I would also suggest that since you aren’t using the original values stored in `a`, you change the above Matlabish code to a more Julian form:

``````a = zeros(Int, 25, 50, 75)
``````

or

``````a = Array{Int, 3}(undef, 25, 50, 75)
``````

The first form is more convenient to write and initializes `a` to all zeros. The second form may be a bit faster and leaves the contents of `a` unspecified.

1 Like

Multithreading should not do much here

The strange thing is that when I run your code on my computer, I don’t get any improvement from the parallel version with `Threads.@threads` - in fact, sometimes worse - but I do get a significant improvement `using Distributed` `@distributed`. On my 8 core, 16 threads Windows laptop, Tullio is slowest, with time for `@distributed` < `@tturbo` < `@tullio`, each with about a factor 10 difference.

1 Like

If you need `i+1`, `j-1`, etc. on the right-hand side, is this the suggested method?

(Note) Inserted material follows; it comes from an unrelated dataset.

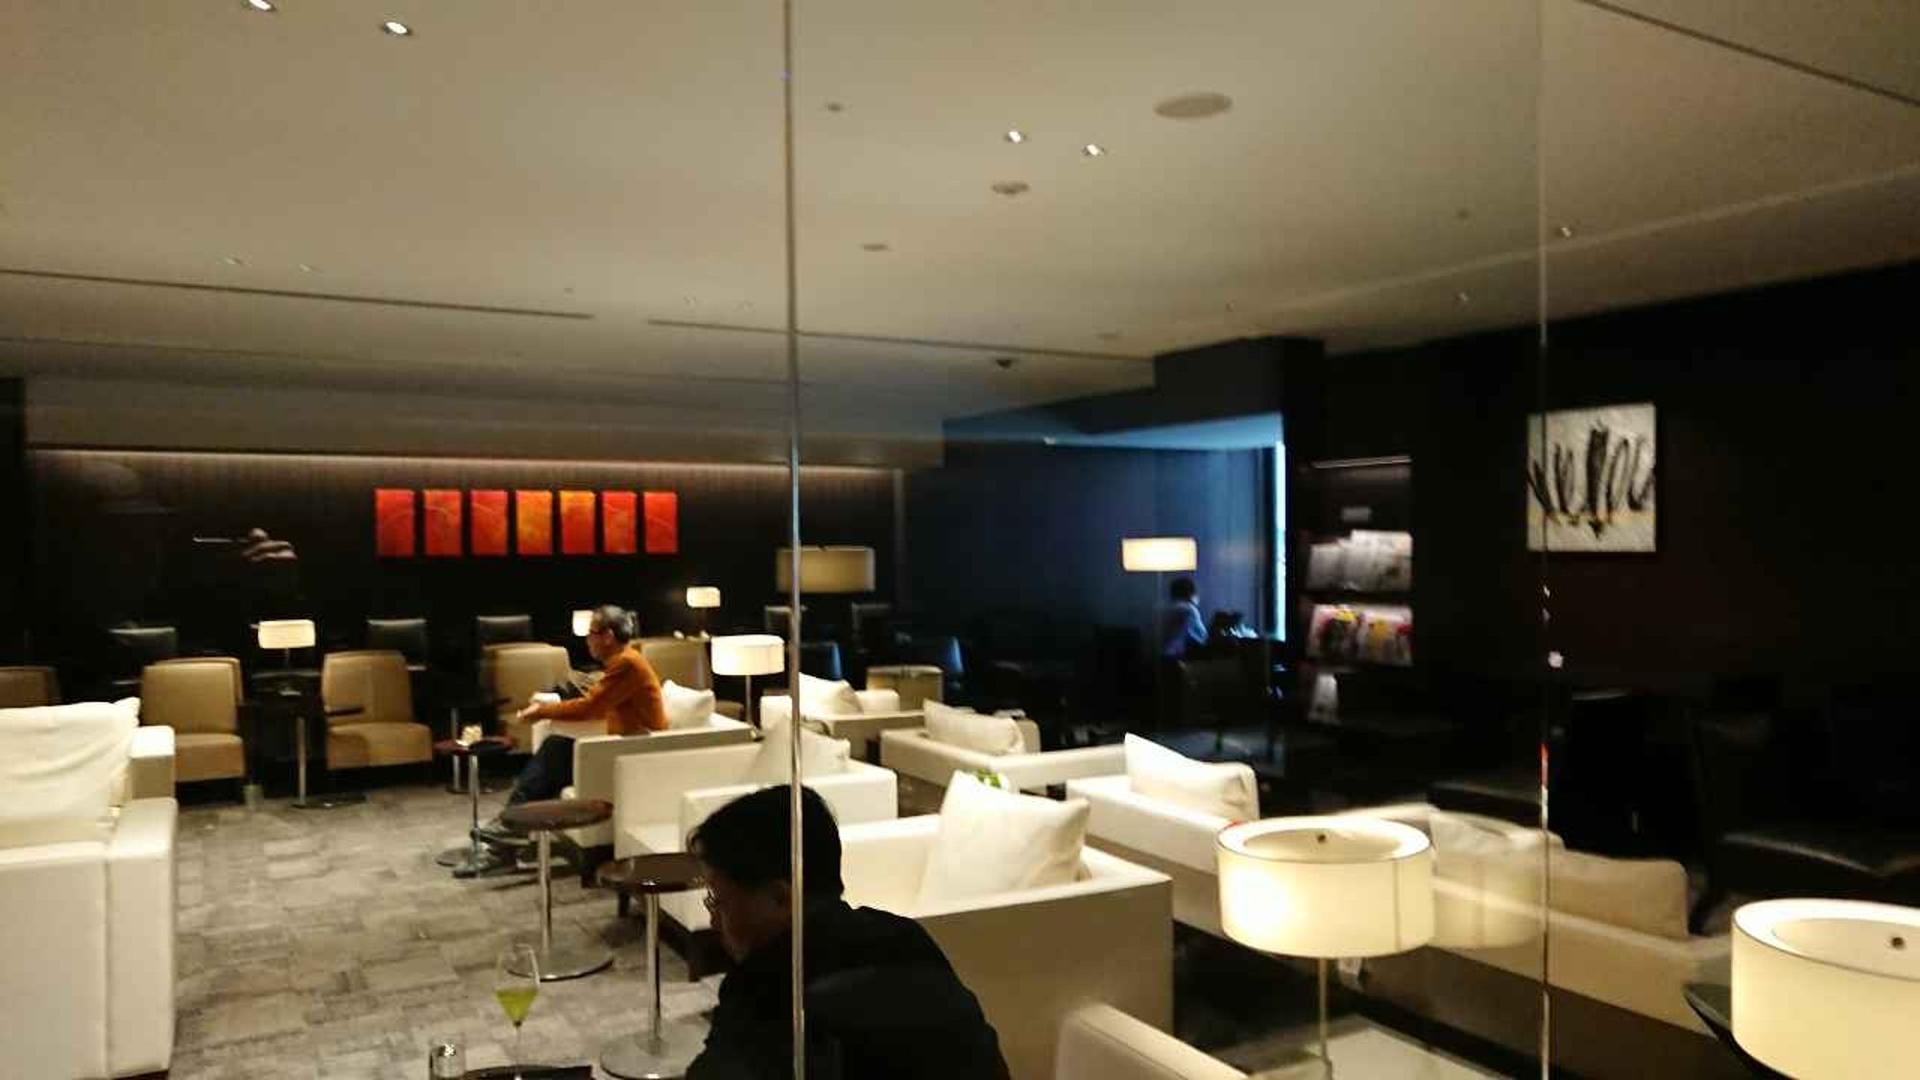 Japan Airlines JAL First Class Lounge image 41 of 50
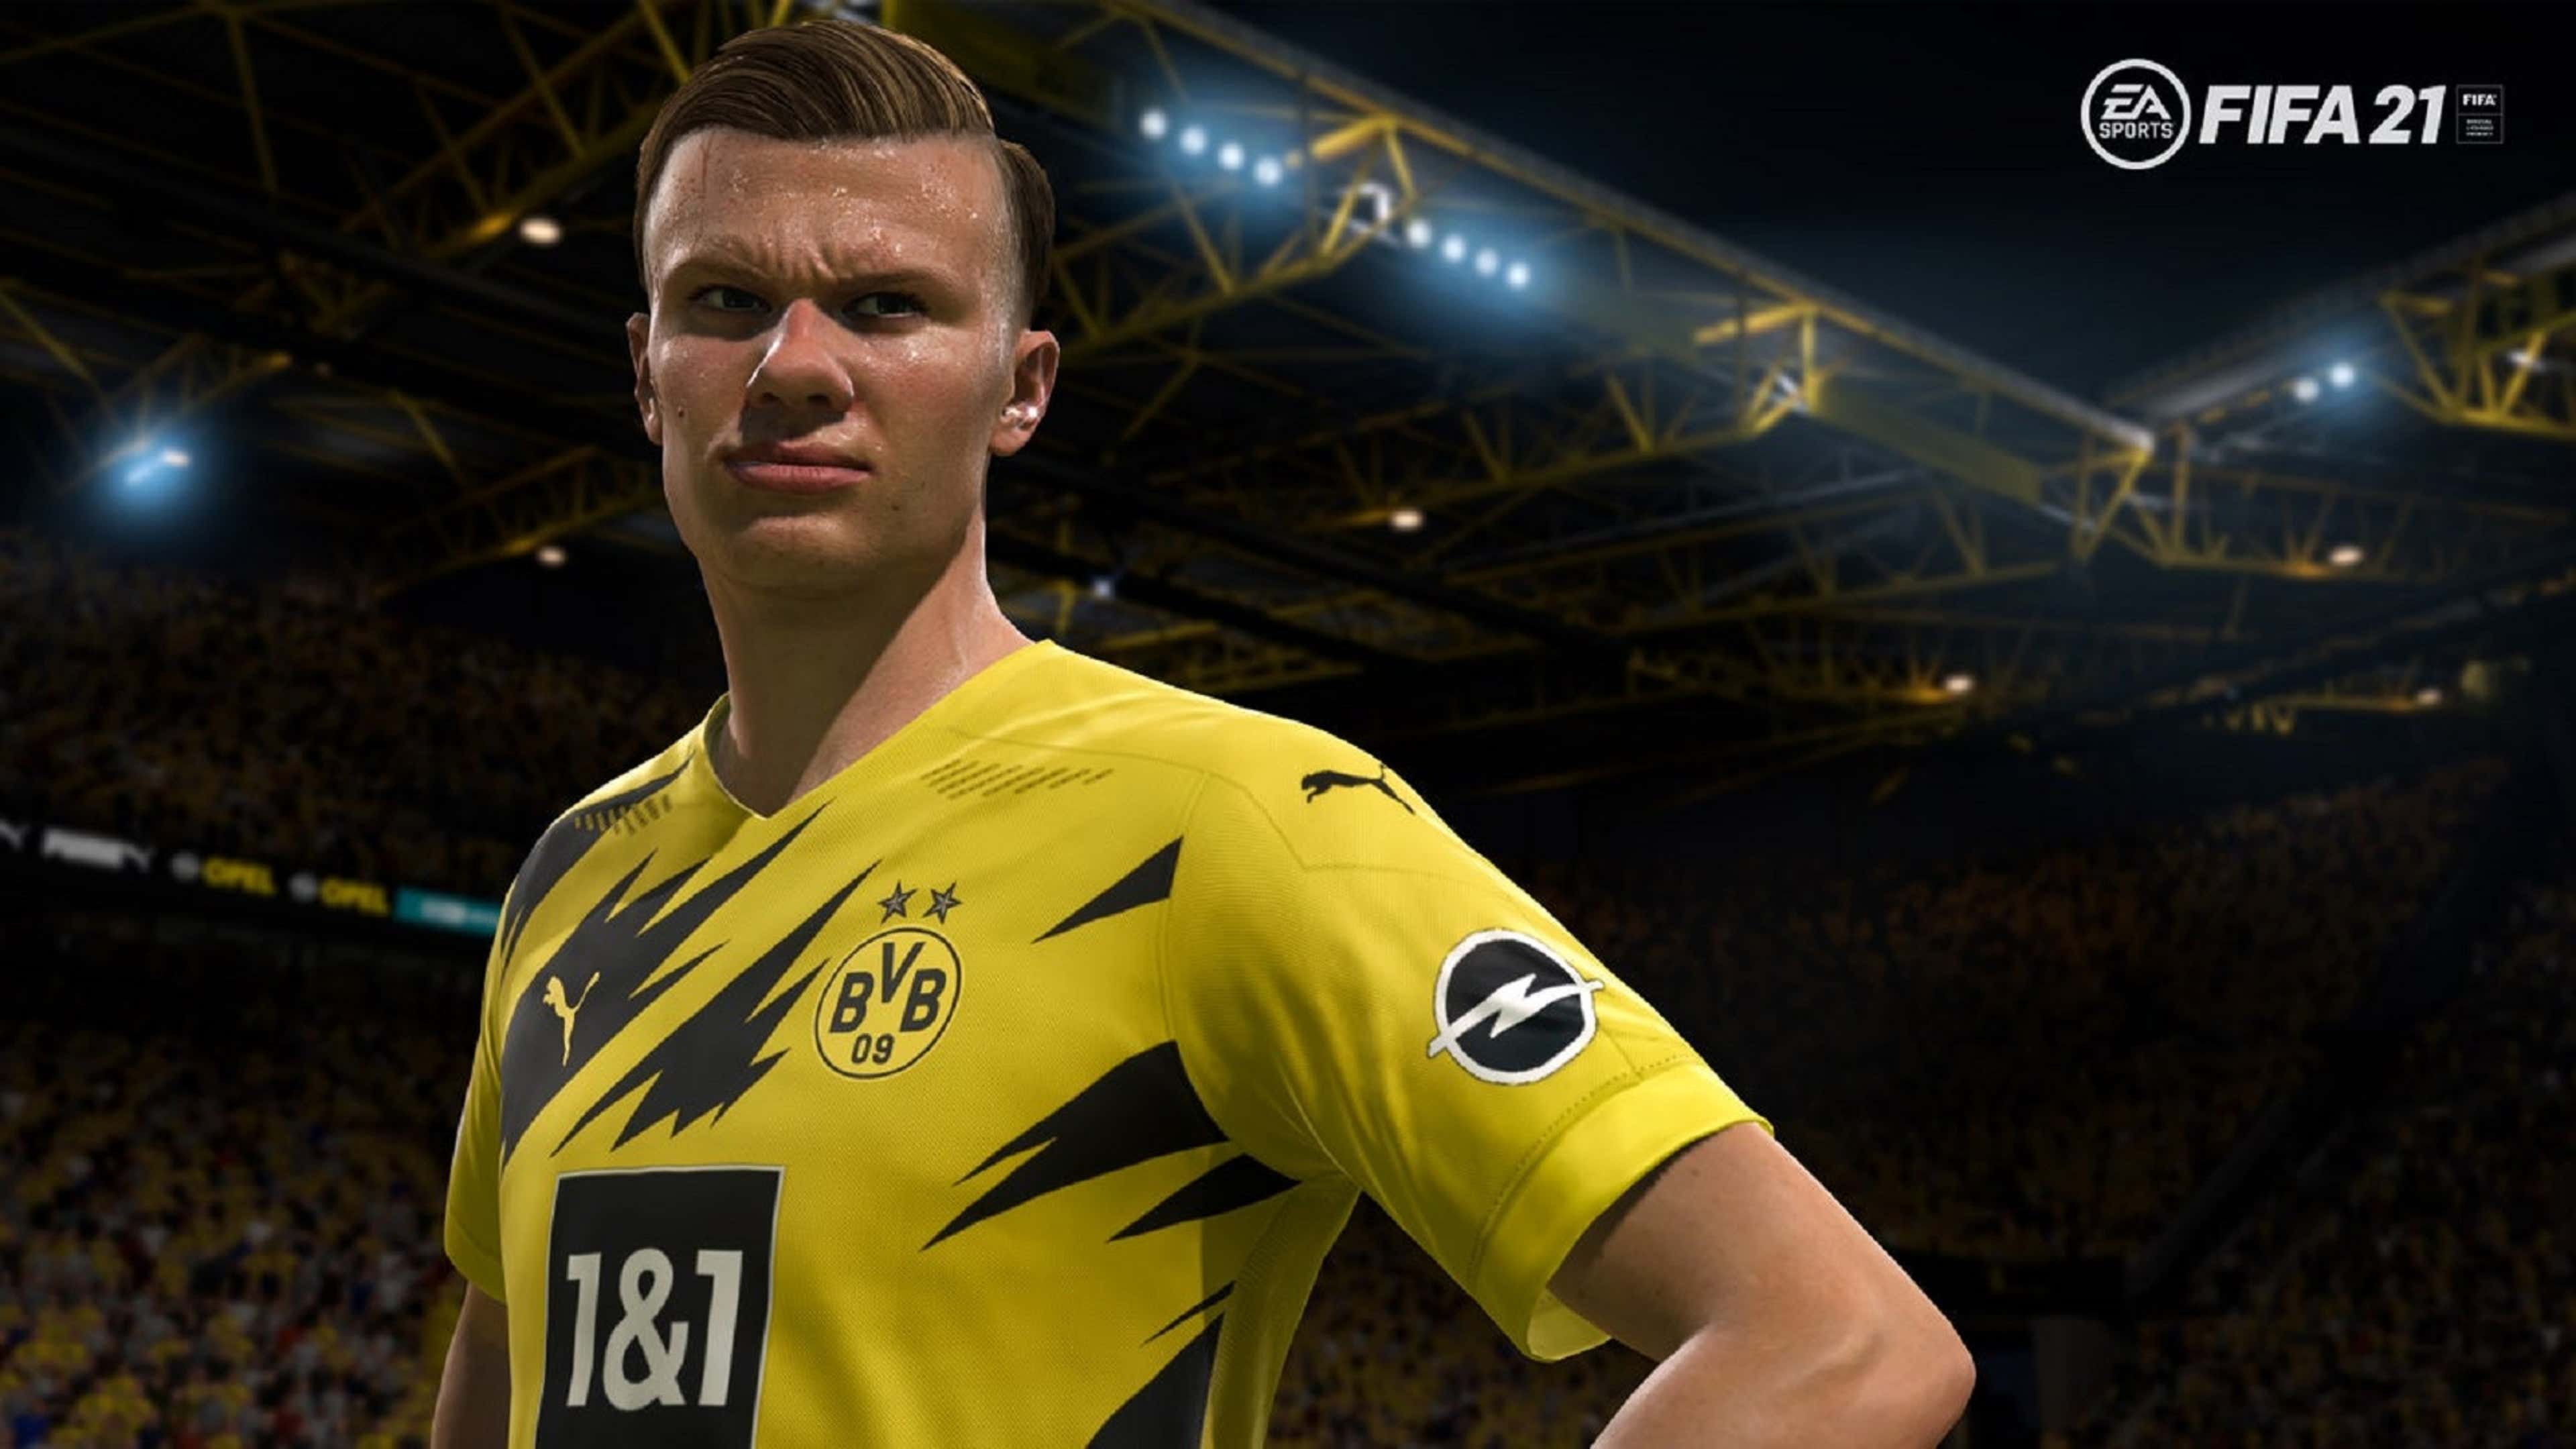 FIFA 22: Download size for PlayStation 5 revealed ahead of release

``````for ind in CartesianIndices(a)
(i, j, k) = Tuple(ind)
a[ind] = (a[i+1, j, k] + a[i, j-1, k])/2
end
``````

I don’t see `pairs` discussed in the array indexing documentation or blog post. I interpret the `pairs` docstring to mean it should be used if you need indices and values at the same time and that `pairs` is always preferred over `enumerate`. Is that correct?

This is going to fail, since `i-1` and `i+1` must necessarily go out of bounds at the edges. You’ll have to figure out some way to peel of the edge values.

`pairs` will give you the value and the index/indices. Enumerate will just count from one, so it depends on what you need. If you are looking for indices, use `pairs`.

2 Likes

`eachindex` and `CartesianIndices` are great, but often I have some computations that are unique only to one or two dimensions. And, so as not to repeat the computations on each iteration of the remaining dimensions, I need to explicitly loop over the array myself.

I am new to Distributed, so could you give an example code about the problem in the OP? Thanks.